Taking Host Intrusion Prevention System (HIPS) Apart
What Is Host Intrusion Prevention System (HIPS)? How HIPS Works and Why You Need It?
Today’s computer users and organizations are constantly facing numerous, diverse, and super sophisticated malware, making cybersecurity researchers conclude that signature-based solutions are no longer able to work by themselves.
Viruses, worms, and trojans harm device systems and communication channels, steal private information, and keep users under surveillance. Not only that there are numerous new malware files daily, but some of them are also capable to modify their configuration and signature as they move forward.
Solutions such as Network Intrusion Detection Systems (NIDS) that examine internet traffic and internal network are accessible but they are limited due to the repeated employment of data encryption on the Web. Also, they can’t protect against menaces spread out from removable storage media.
A system that can avert assaults at the computer level is a more feasible solution because it can keep an eye on applications running on a particular PC and halt any unwelcomed activity. Here is where methods like Host Intrusion Prevention System (HIPS) become operative.
What Is Host Intrusion Prevention System (HIPS)?
An abbreviation for Host-based Intrusion Prevention System, HIPS is an Intrusion Prevention System (IPS) used to keep safe crucial computer systems holding important information against intrusions, infections, and other Internet malware.
HIPS surveil a single host for dubious activity by examining incidents happening within that specific host.
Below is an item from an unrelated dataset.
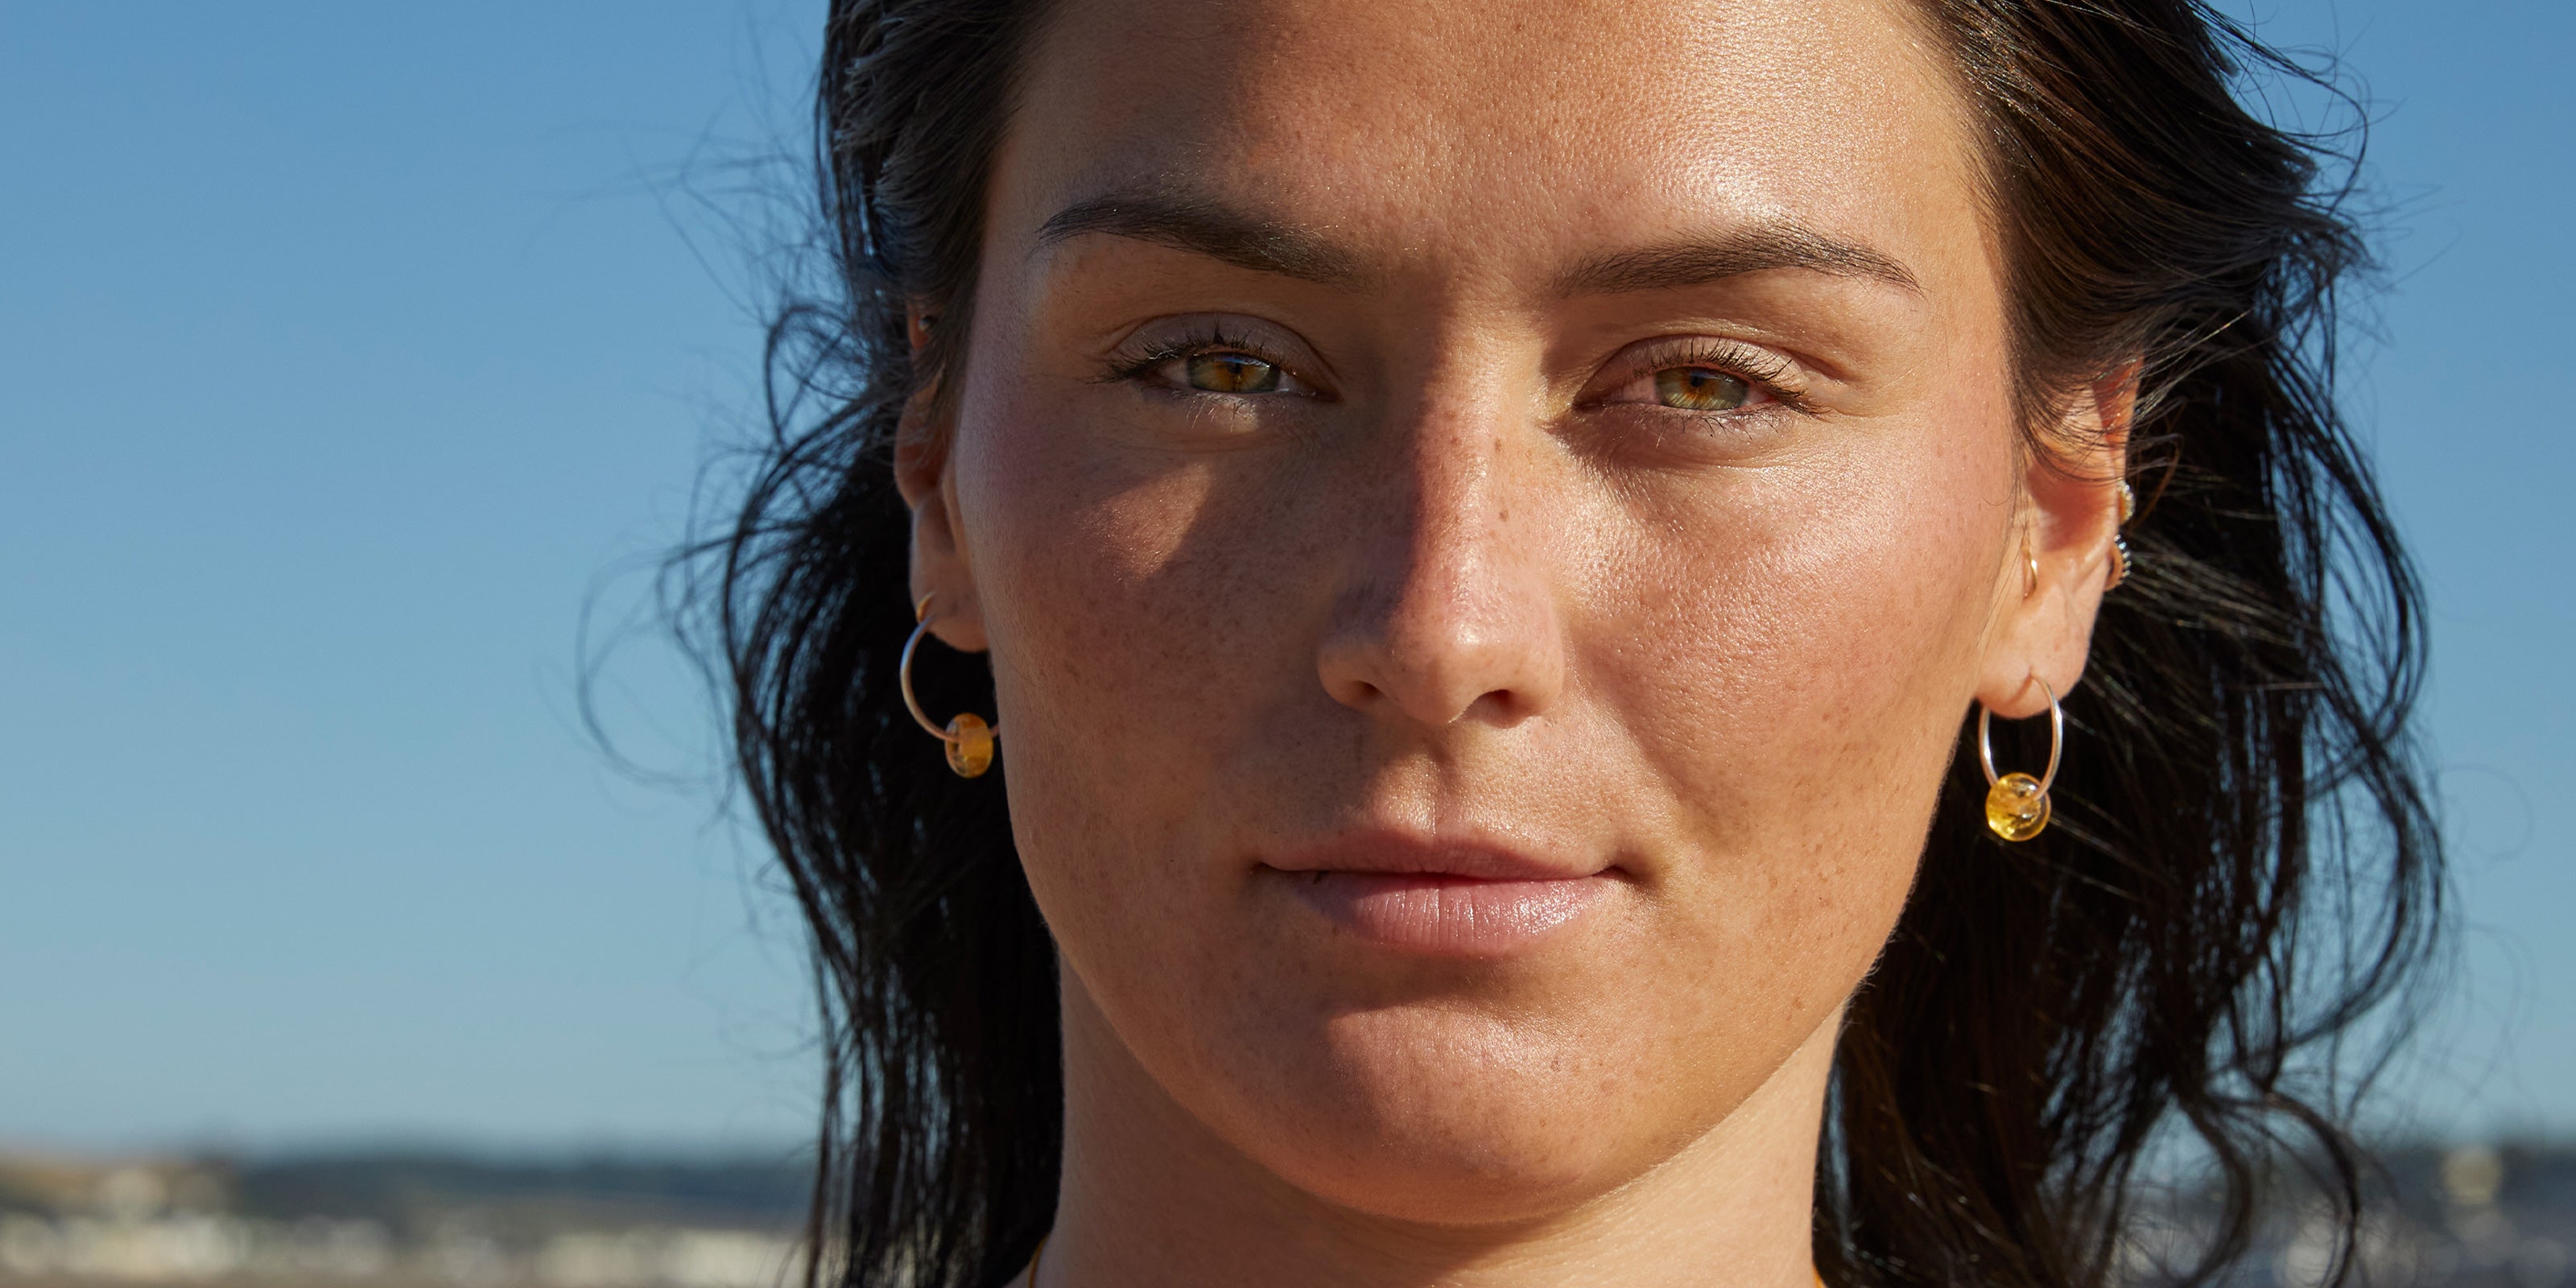 Girl wearing amber glass beads on sterling silver hoop earrings at the beach Crow Point.
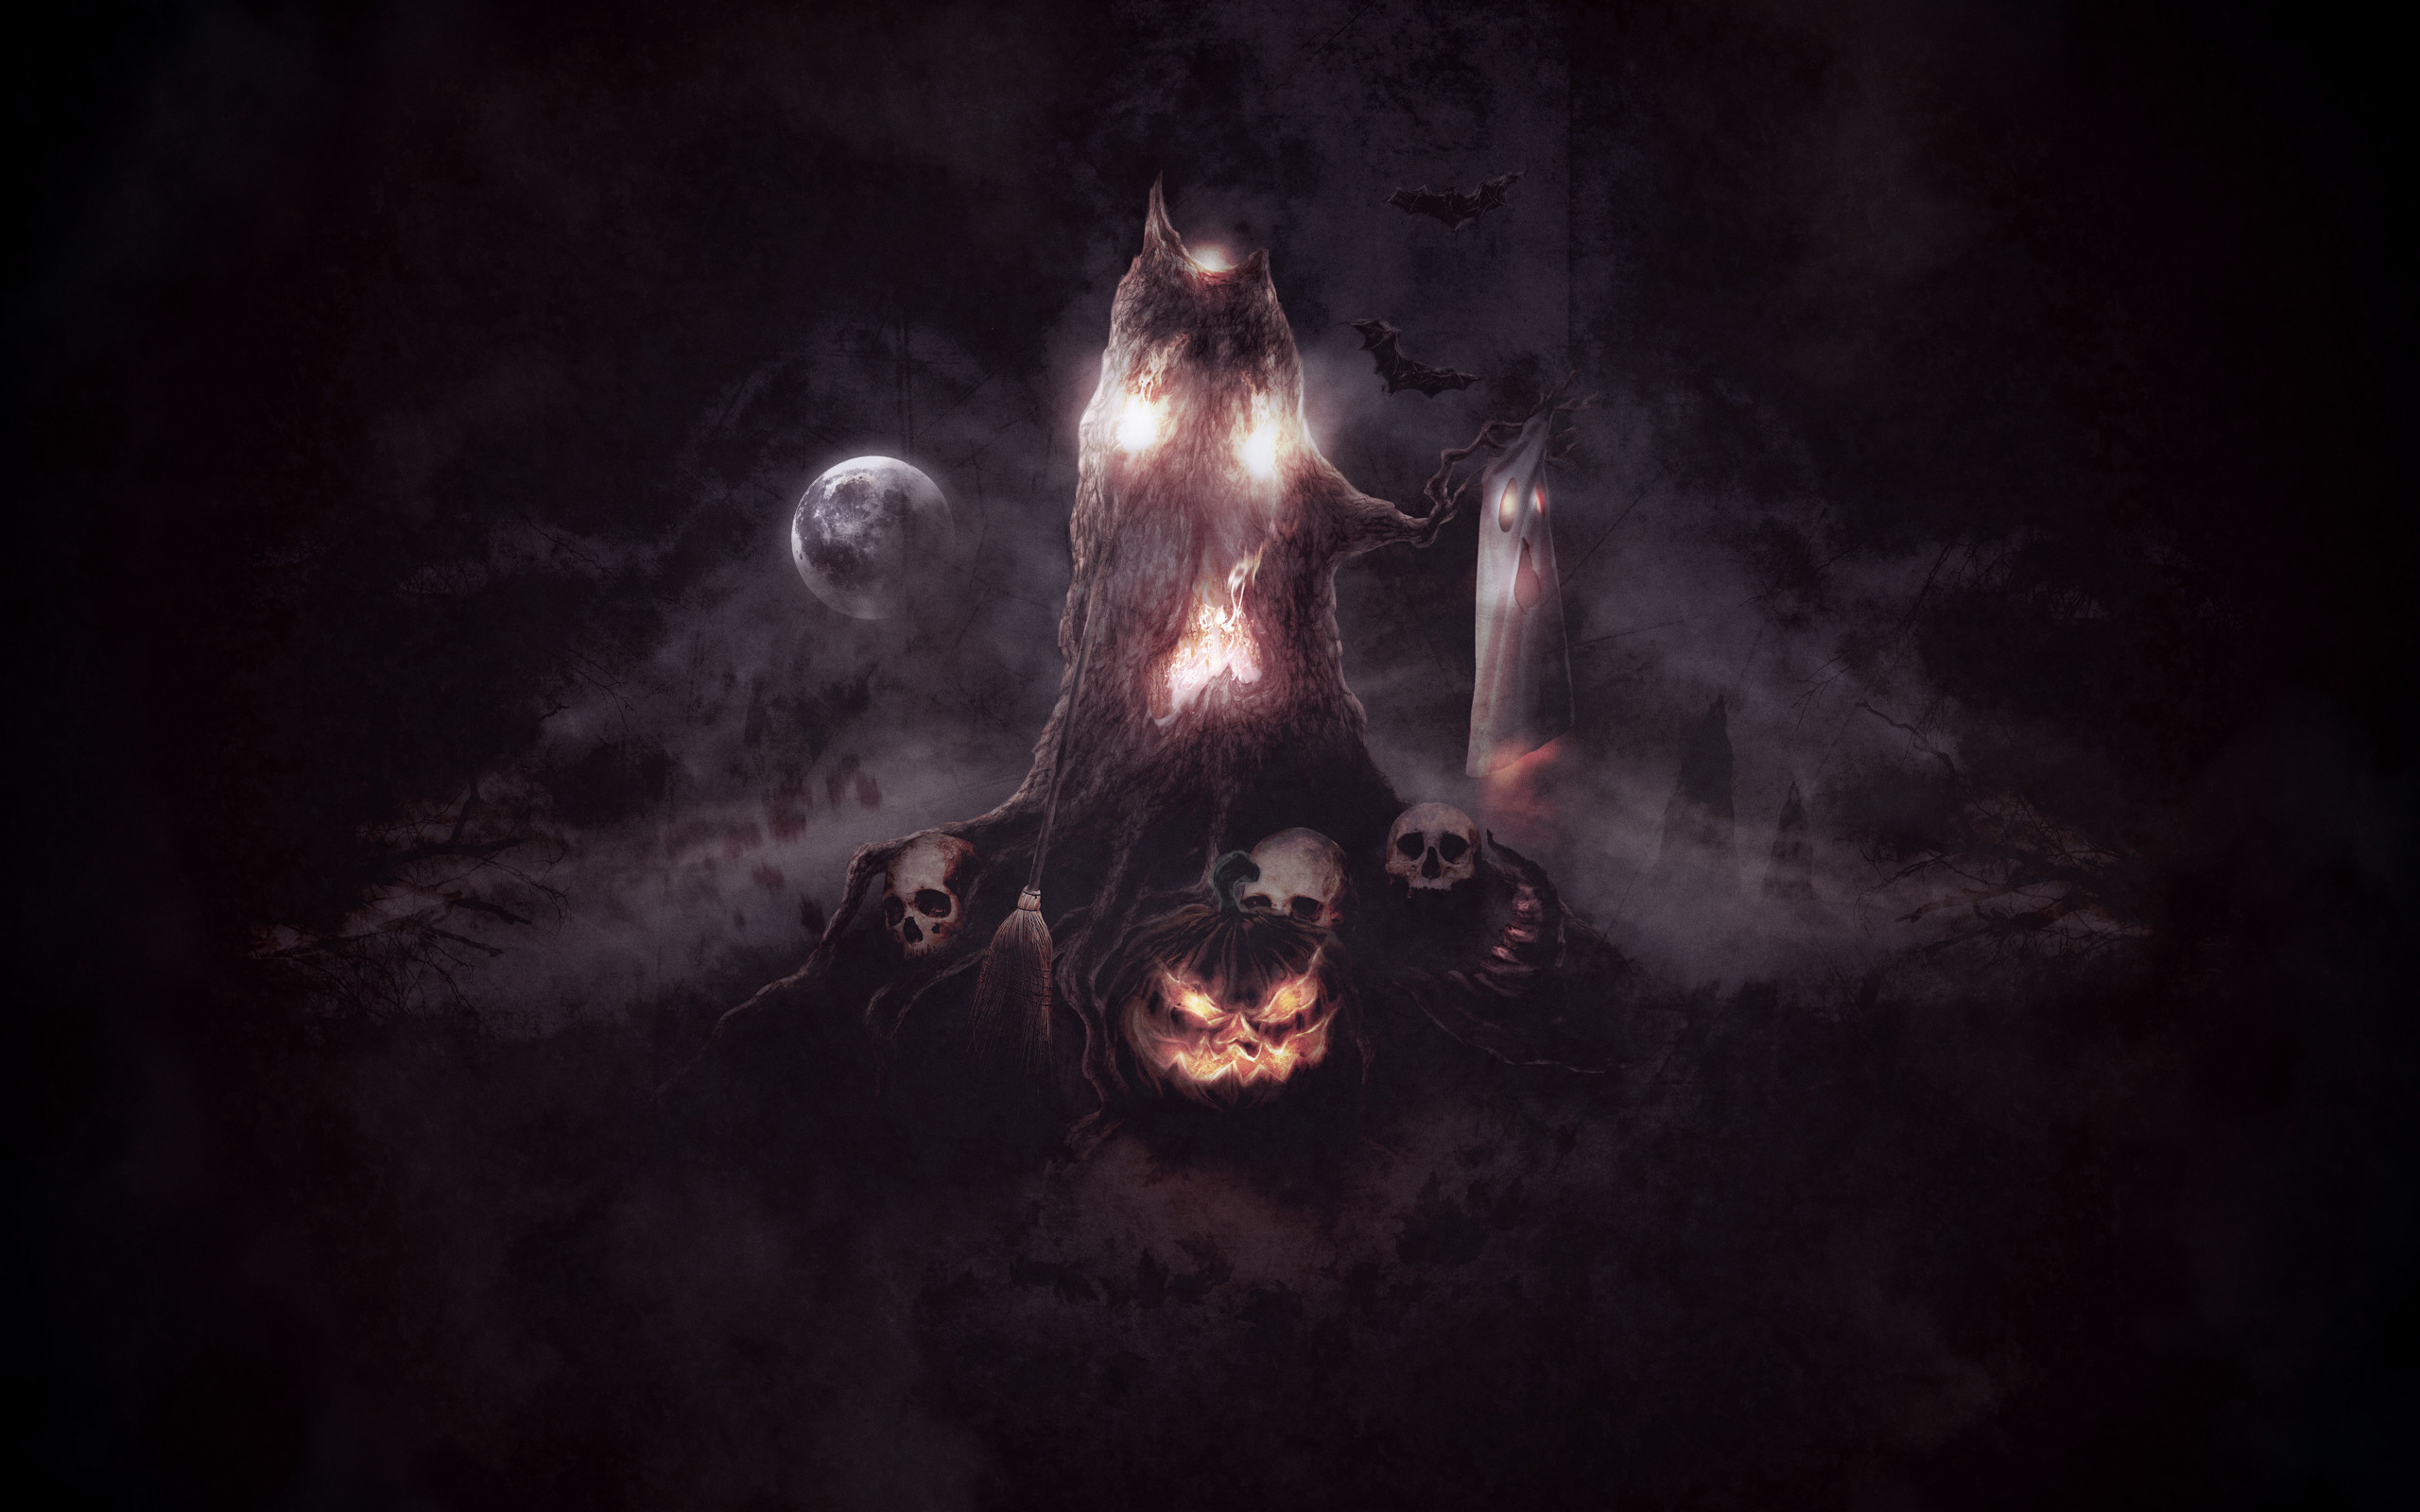 2560x1600 Awesome Scary Animated Halloween Wallpapers in High Quality, Yiannis  Commings

To put it differently, a Host Intrusion Prevention System (HIPS) seeks to halt malware by monitoring the code’s way of behaving.
This helps to keep your system secure without having to rely on a specific threat to be added to a detection update. If a threat actor or virus tries to change the operating system, the host intrusion prevention system blocks the activity and notifies the potential victims so they can take proper action.
Some of the changes that HIPS might consider to be important are assuming command of other programs, attempting to change major registry keys, ending other programs, or installing devices.
Besides the action of sending notifications to the device user when it detects malicious movement, HIPS can also log the malicious activity for future investigation, reset the connection, and stop future traffic from the dubious IP address.
Host Intrusion Prevention System (HIPS) successfully fights against:
- Private information theft;
- Dubious applications while it stops harmful actions;
- Familiar threats, as it averts them from being initiated;
- The latest threats before antivirus databases are updated while diminishes the probability of invasion and contamination being scattered.
Different types of devices such as servers, workstations, and computers can have the host intrusion prevention system implemented.
As studies have recently shown that unprotected systems can be compromised within minutes, the benefit of intrusion prevention is that there’s no more waiting for a security administrator to answer before prophylactic steps are taken to maintain host integrity. This approach can be very helpful when in need.
Usually, a host intrusion prevention system is both signature and anomaly-based.
An anomaly-based HIPS tries to differentiate normal from atypical behavior, unlike signature based-systems that have the capability to protect against only familiar bad signatures.
Host Intrusion Prevention System (HIPS) Operation Mode
A host intrusion prevention system utilizes a database of systems items supervised to discover intrusions by investigating system calls, application logs, and file-system changes.
HIPS recalls every item’s features and generates a numerical value calculated from a series of bits of digital data used to test whether the data has changed during storage or transmission for the contents.
The system also verifies if suitable parts of memory have not been altered. A program that ignores its permissions is blocked from performing unauthorized actions.
A HIPS has many advantages, the most important one being that business and home users have intensified defense from hidden malicious cyber assaults.
Host Intrusion Prevention HIPS utilizes an unusual prevention system that has a better chance of halting such attacks in contrast to conventional protective actions.
One more advantage of using HIPS is the necessity to manage numerous security applications to secure computers, including antivirus, anti-spyware, firewalls, and patch management.
Now that we talked about the benefits, let’s take a quick look at the disadvantage of HIPS. A drawback would be that the response taken may leave the host ineffective or even affect the availability of a vital resource. Incorrect user decisions and false positives are also menaces linked to host intrusion prevention systems.
Host Intrusion Prevention Systems (HIPS) can be an extremely important component of stratified protection if combined with a minimum of one detection-based security solution. Users and organizations should definitely benefit from HIPS, but it is essential to have some knowledge of how to use it successfully.